» WORK REQUEST
Scan the records below for the line with "Dados la serpiente" and the line with "Velvet Moira Sofa - Sky Blue", and retype that range exactly, both ends included, pictures excepted.

*** Opening THE DATA ***

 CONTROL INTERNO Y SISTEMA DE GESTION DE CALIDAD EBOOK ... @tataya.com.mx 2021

*** Closing THE DATA ***
*** Opening THE DATA ***

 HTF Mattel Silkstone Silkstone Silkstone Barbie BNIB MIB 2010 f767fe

*** Closing THE DATA ***
*** Opening THE DATA ***

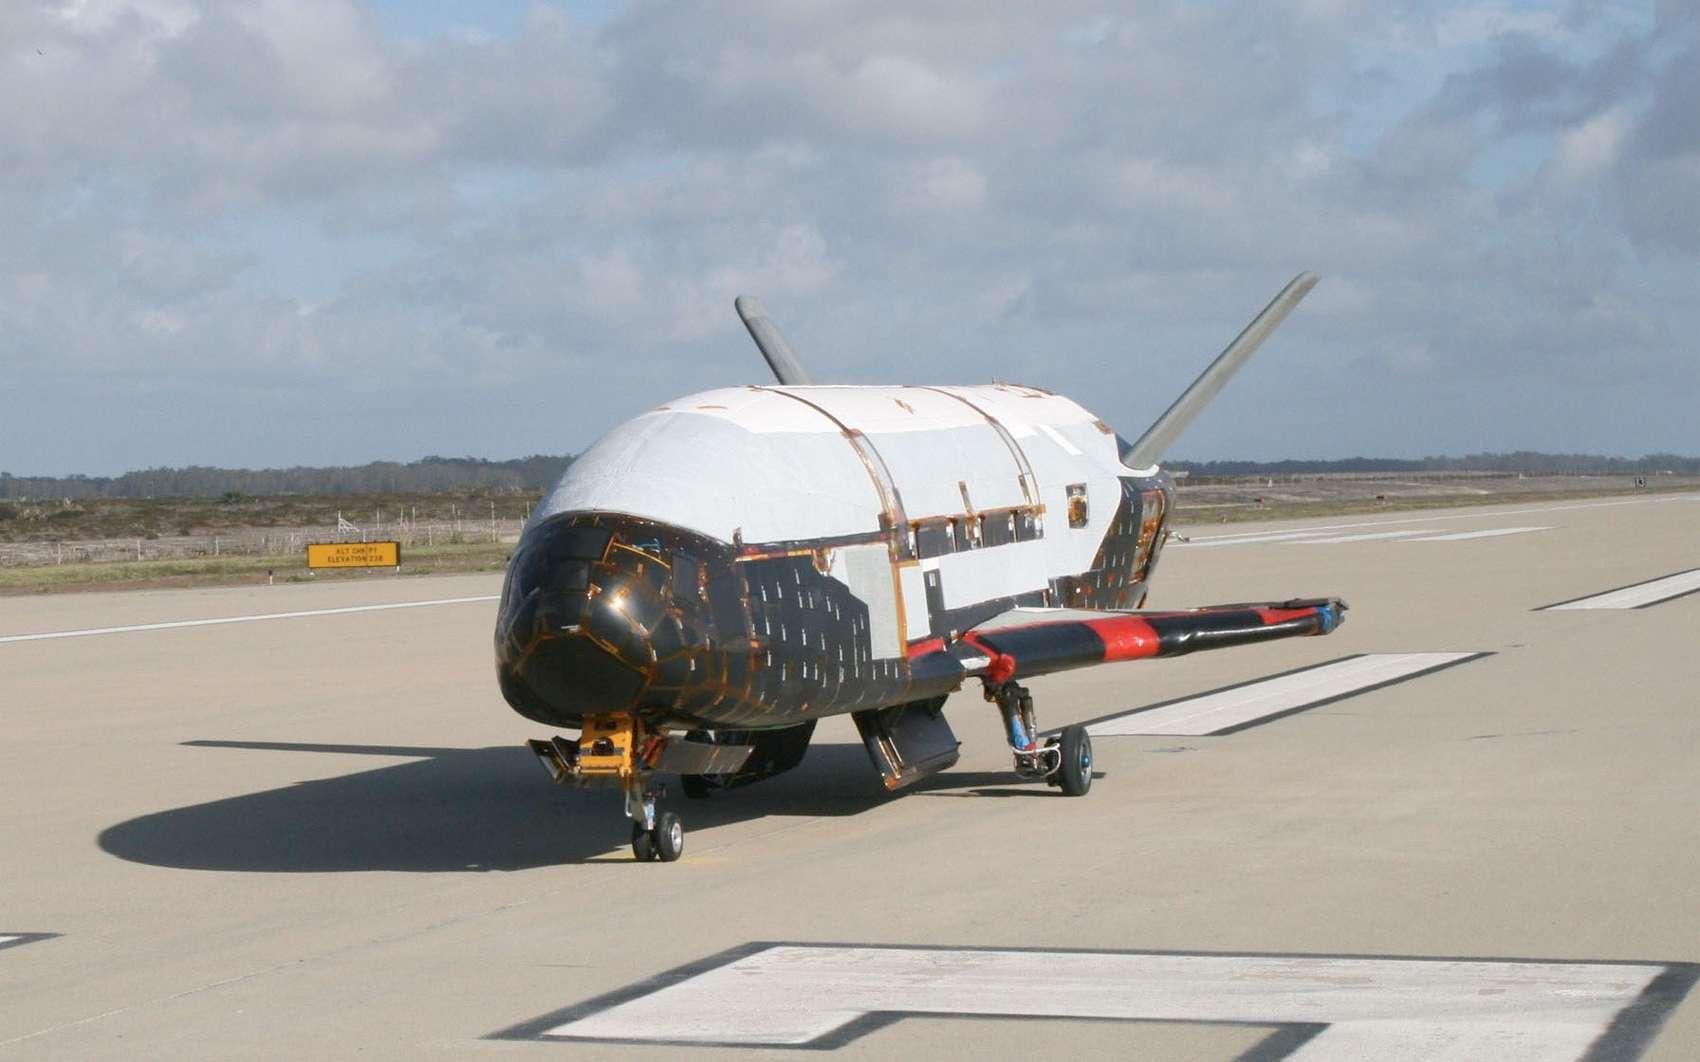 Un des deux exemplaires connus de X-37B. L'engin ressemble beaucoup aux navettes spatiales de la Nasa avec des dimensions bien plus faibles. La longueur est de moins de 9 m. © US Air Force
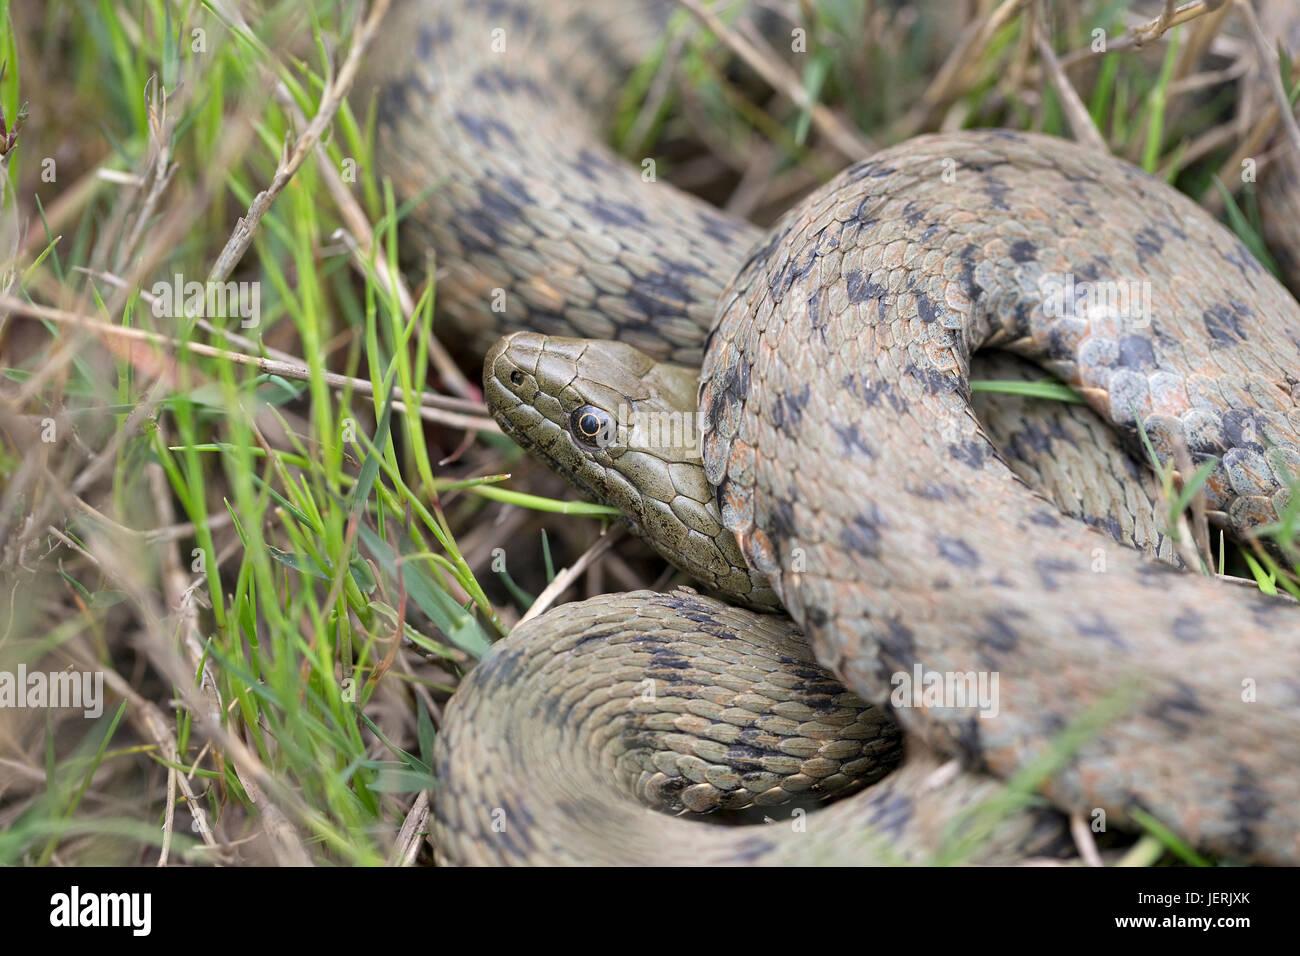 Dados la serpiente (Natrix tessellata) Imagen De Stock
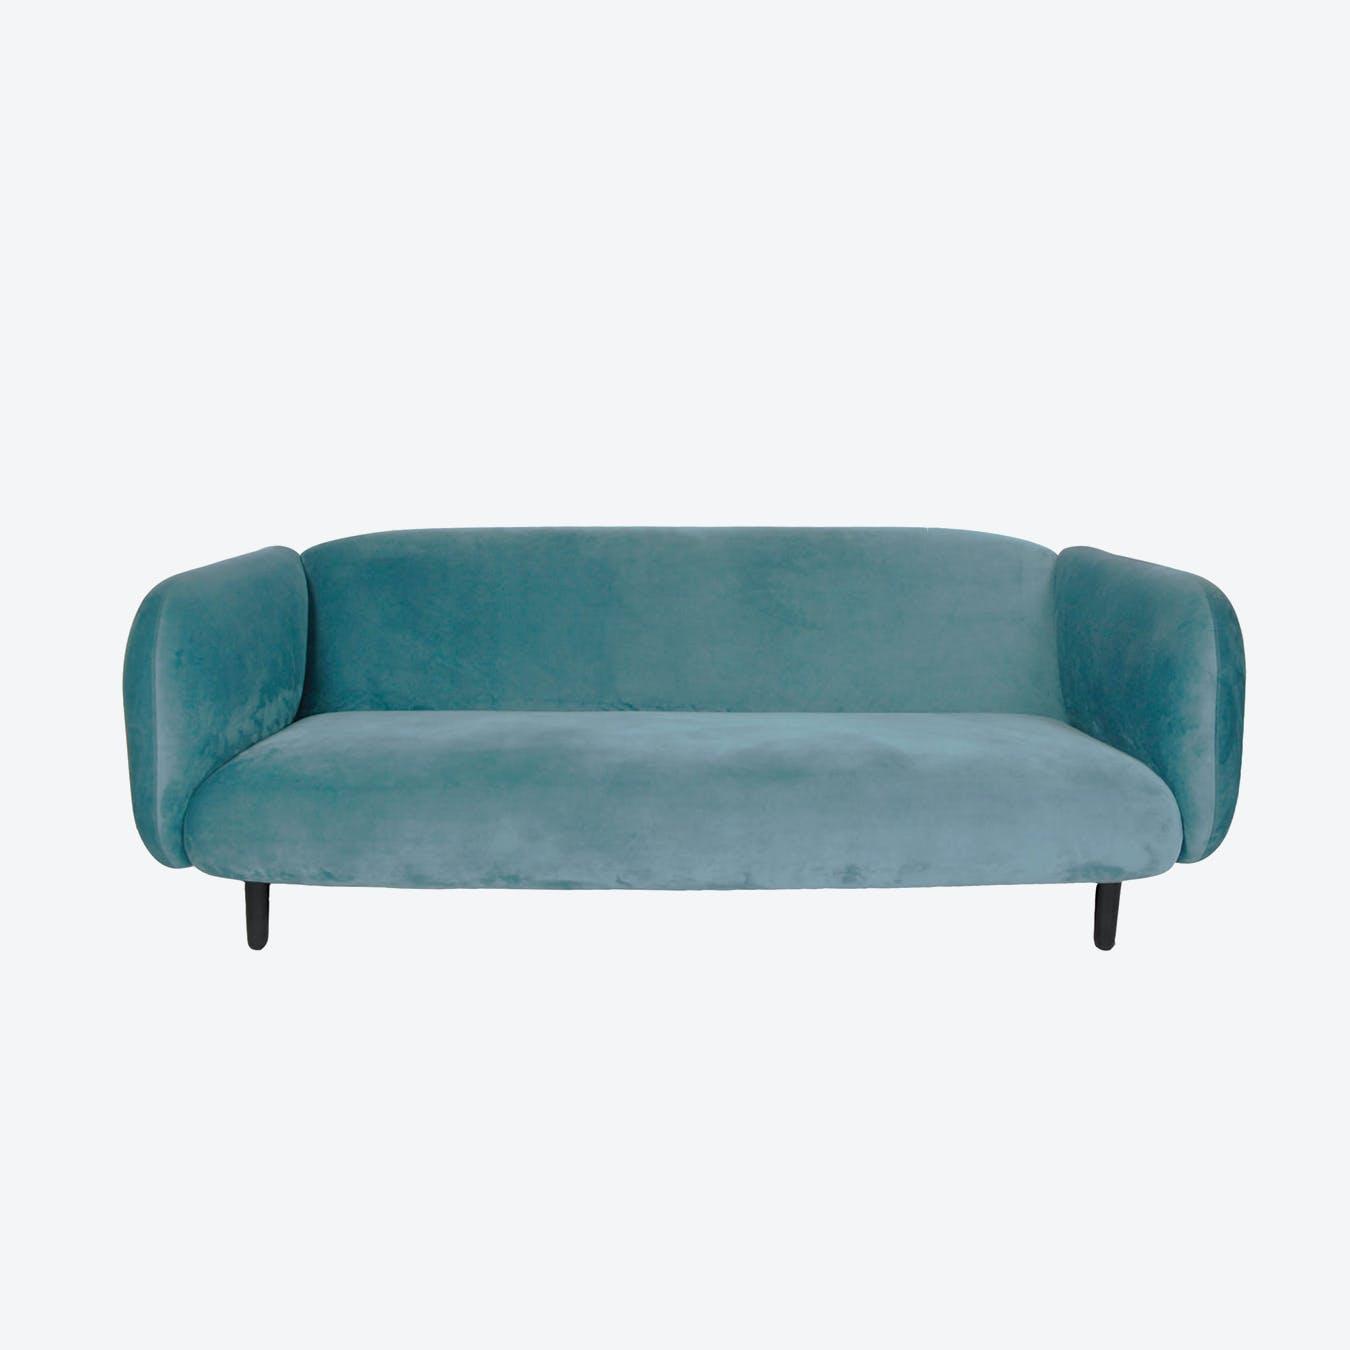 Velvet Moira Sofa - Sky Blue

*** Closing THE DATA ***

» TASK SOLUTION
 Dados la serpiente (Natrix tessellata) Imagen De Stock
 Velvet Moira Sofa - Sky Blue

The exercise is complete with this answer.